In [22]:
import tensorflow
from tensorflow.keras.datasets import mnist
from tensorflow.keras.models import Sequential
from tensorflow.keras.layers import Dense, Dropout, Conv2D, MaxPooling2D, Flatten
from tensorflow.keras.optimizers import RMSprop

# Loading training data
(mnist_train_images, mnist_train_labels), (mnist_test_images, mnist_test_labels) = mnist.load_data()
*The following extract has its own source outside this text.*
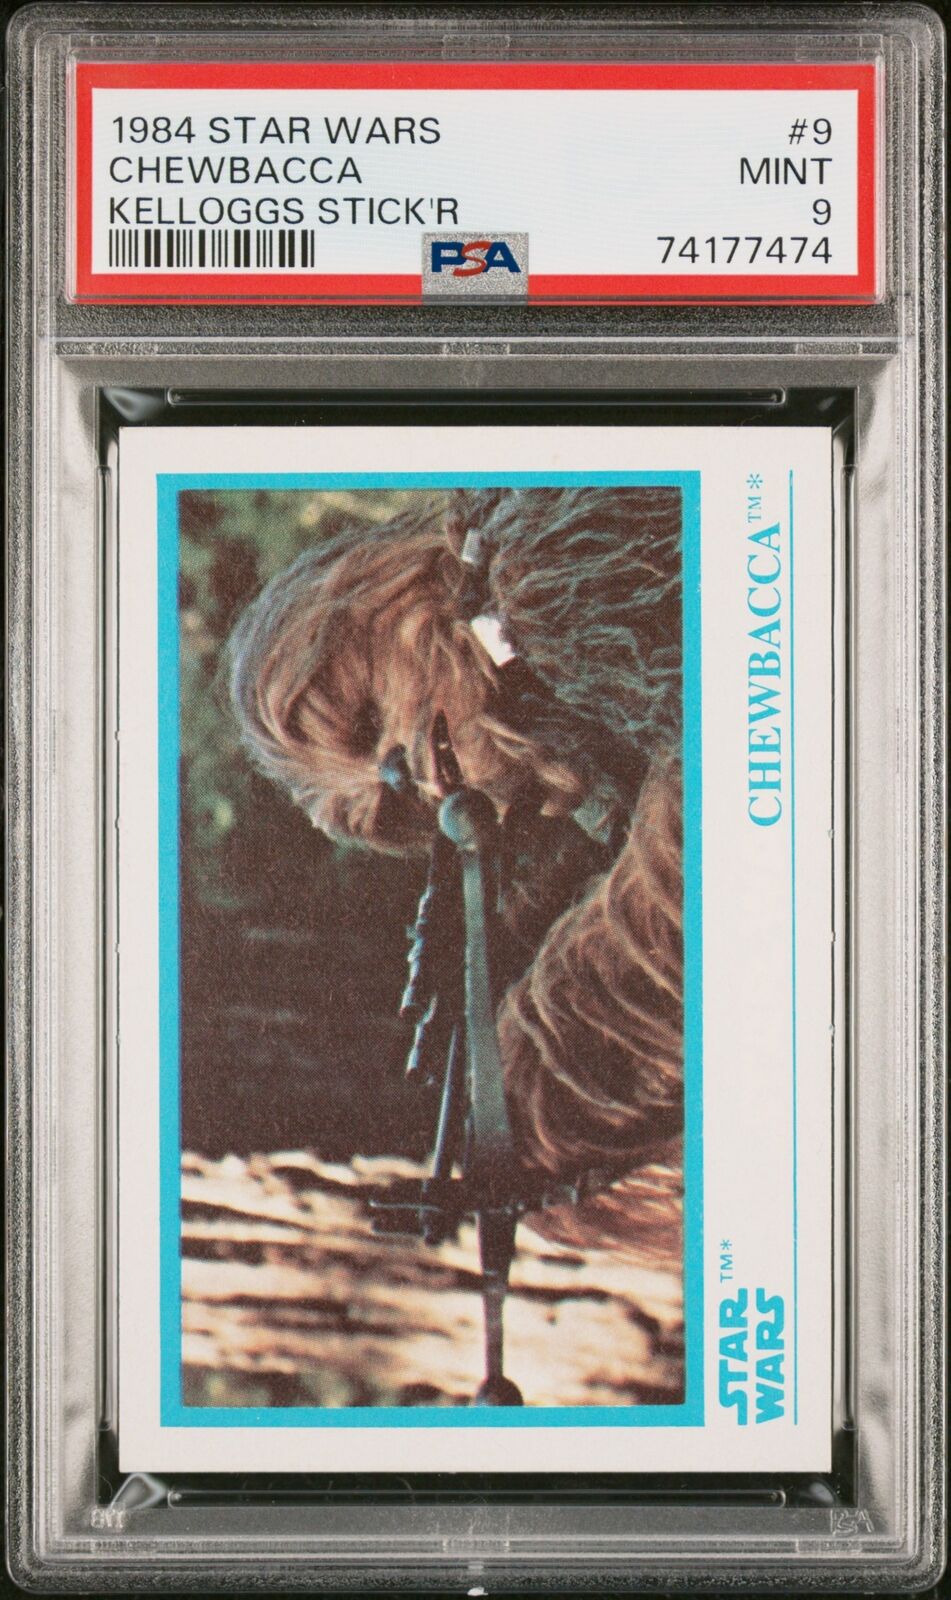 1984 Star Wars Kelloggs Stick\'R Chewbacca #9 PSA 9 Mint Low Pop
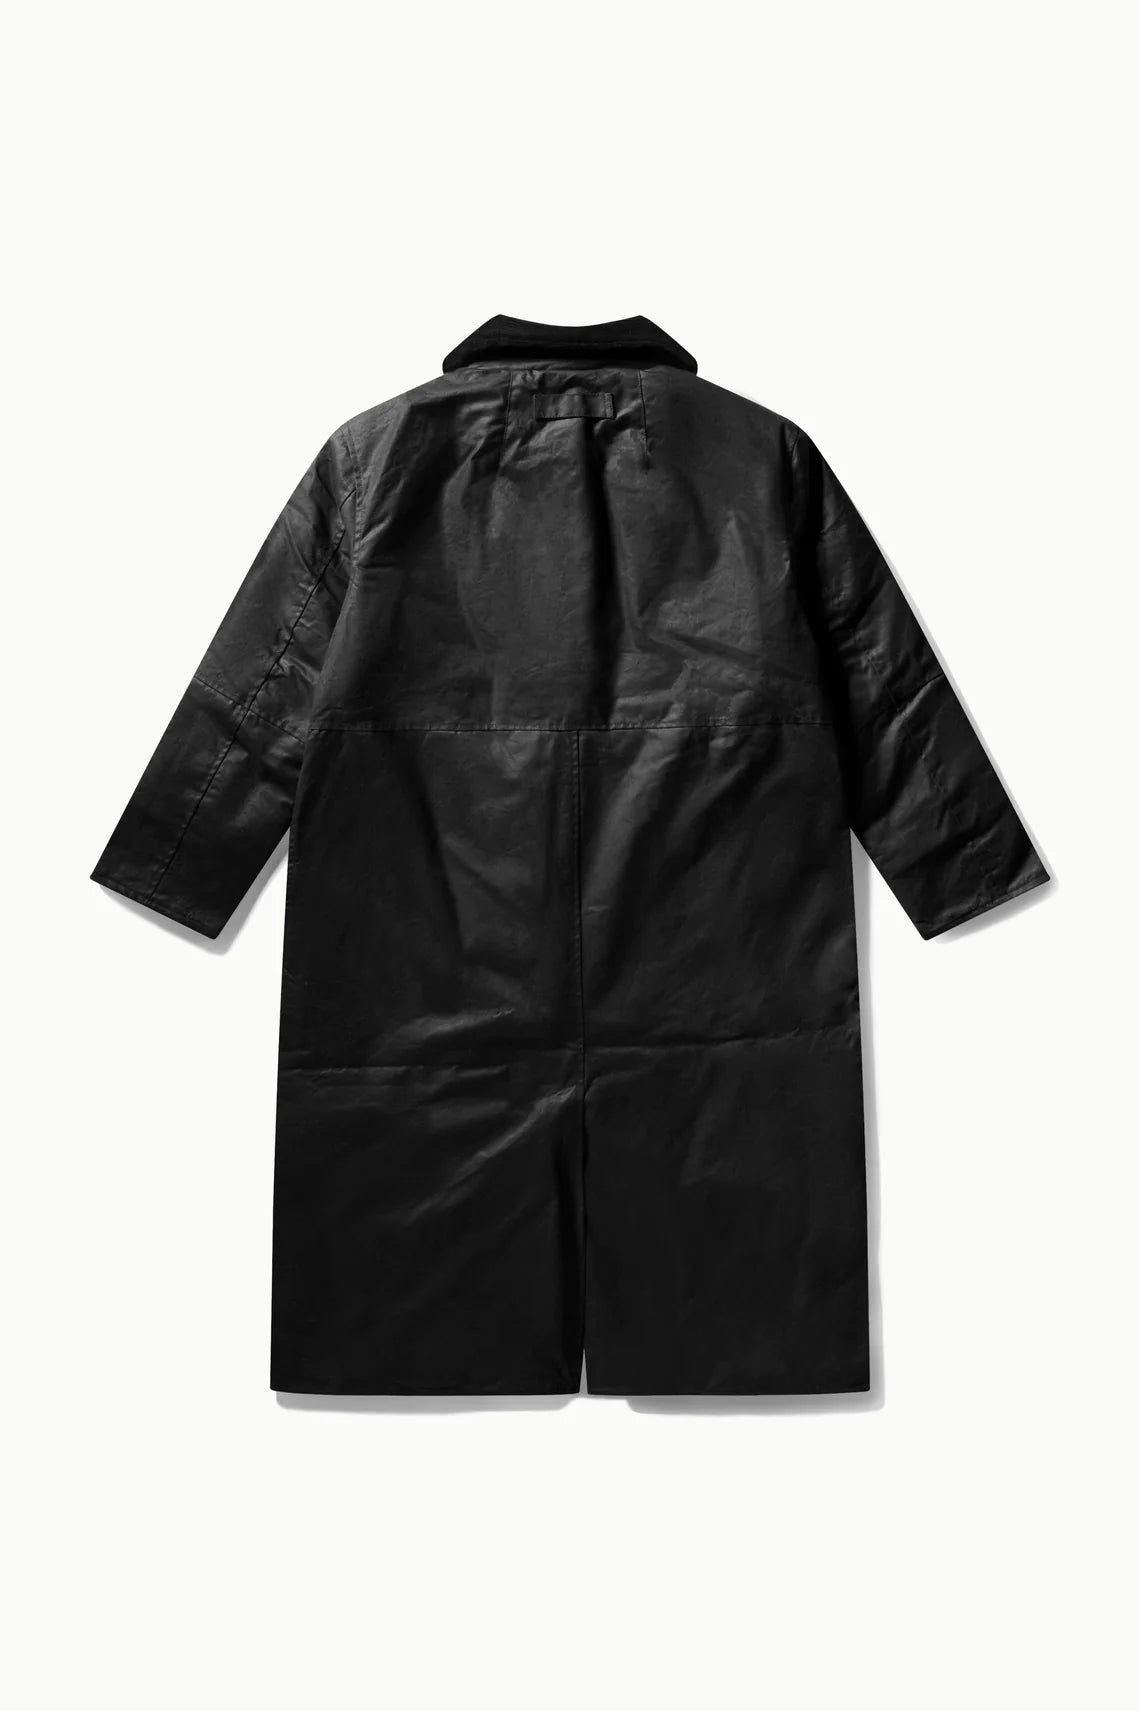 Joan jett padded coat in black

from tensorflow.keras import backend as K

# reshaping the raw data into 28x28x1. This is a 28x28 image with 1 color channel
if K.image_data_format() == 'channels_first':
    train_images = mnist_train_images.reshape(mnist_train_images.shape[0], 1, 28, 28)
    test_images = mnist_test_images.reshape(mnist_test_images.shape[0], 1, 28, 28)
    input_shape = (1, 28, 28)
else:
    train_images = mnist_train_images.reshape(mnist_train_images.shape[0], 28, 28, 1)
    test_images = mnist_test_images.reshape(mnist_test_images.shape[0], 28, 28, 1)
    input_shape = (28, 28, 1)
    
train_images = train_images.astype('float32')
test_images = test_images.astype('float32')
train_images /= 255
test_images /= 255

# Converting the labels to one-shot format once again.
train_labels = tensorflow.keras.utils.to_categorical(mnist_train_labels, 10)
test_labels = tensorflow.keras.utils.to_categorical(mnist_test_labels, 10)

def display_sample(num):
    #Print the one-hot array of this sample's label ex: [1. 0. 0. 0. ...]
    print(train_labels[num])  
    #Converting one hot to its int representation for output
    label = train_labels[num].argmax(axis=0)
    #Reshape the 768 values to a 28x28x1 image
    image = train_images[num].reshape([28,28])
    # Outputting title and label
    plt.title('Sample: %d  Label: %d' % (num, label))
    plt.imshow(image, cmap=plt.get_cmap('gray_r'))
    plt.show()

In [23]:
# Creation of the model #

model = Sequential()
# 32 windows in the 2D convolution of 3x3 each
model.add(Conv2D(32, kernel_size=(3, 3),
                 activation='relu',
                 input_shape=input_shape))
# 64 3x3 kernels for input into the 2d convolution
model.add(Conv2D(64, (3, 3), activation='relu'))
# Reduce by taking the max of each 2x2 block, making the results more managable - speed++
model.add(MaxPooling2D(pool_size=(2, 2)))
# Dropout to avoid overfitting
model.add(Dropout(0.25))
# Flatten the results to one dimension for passing into our final layer
model.add(Flatten())
# A hidden layer to learn with
model.add(Dense(128, activation='relu'))
# Another dropout
model.add(Dropout(0.5))
# Final categorization from 0-9 with softmax
model.add(Dense(10, activation='softmax'))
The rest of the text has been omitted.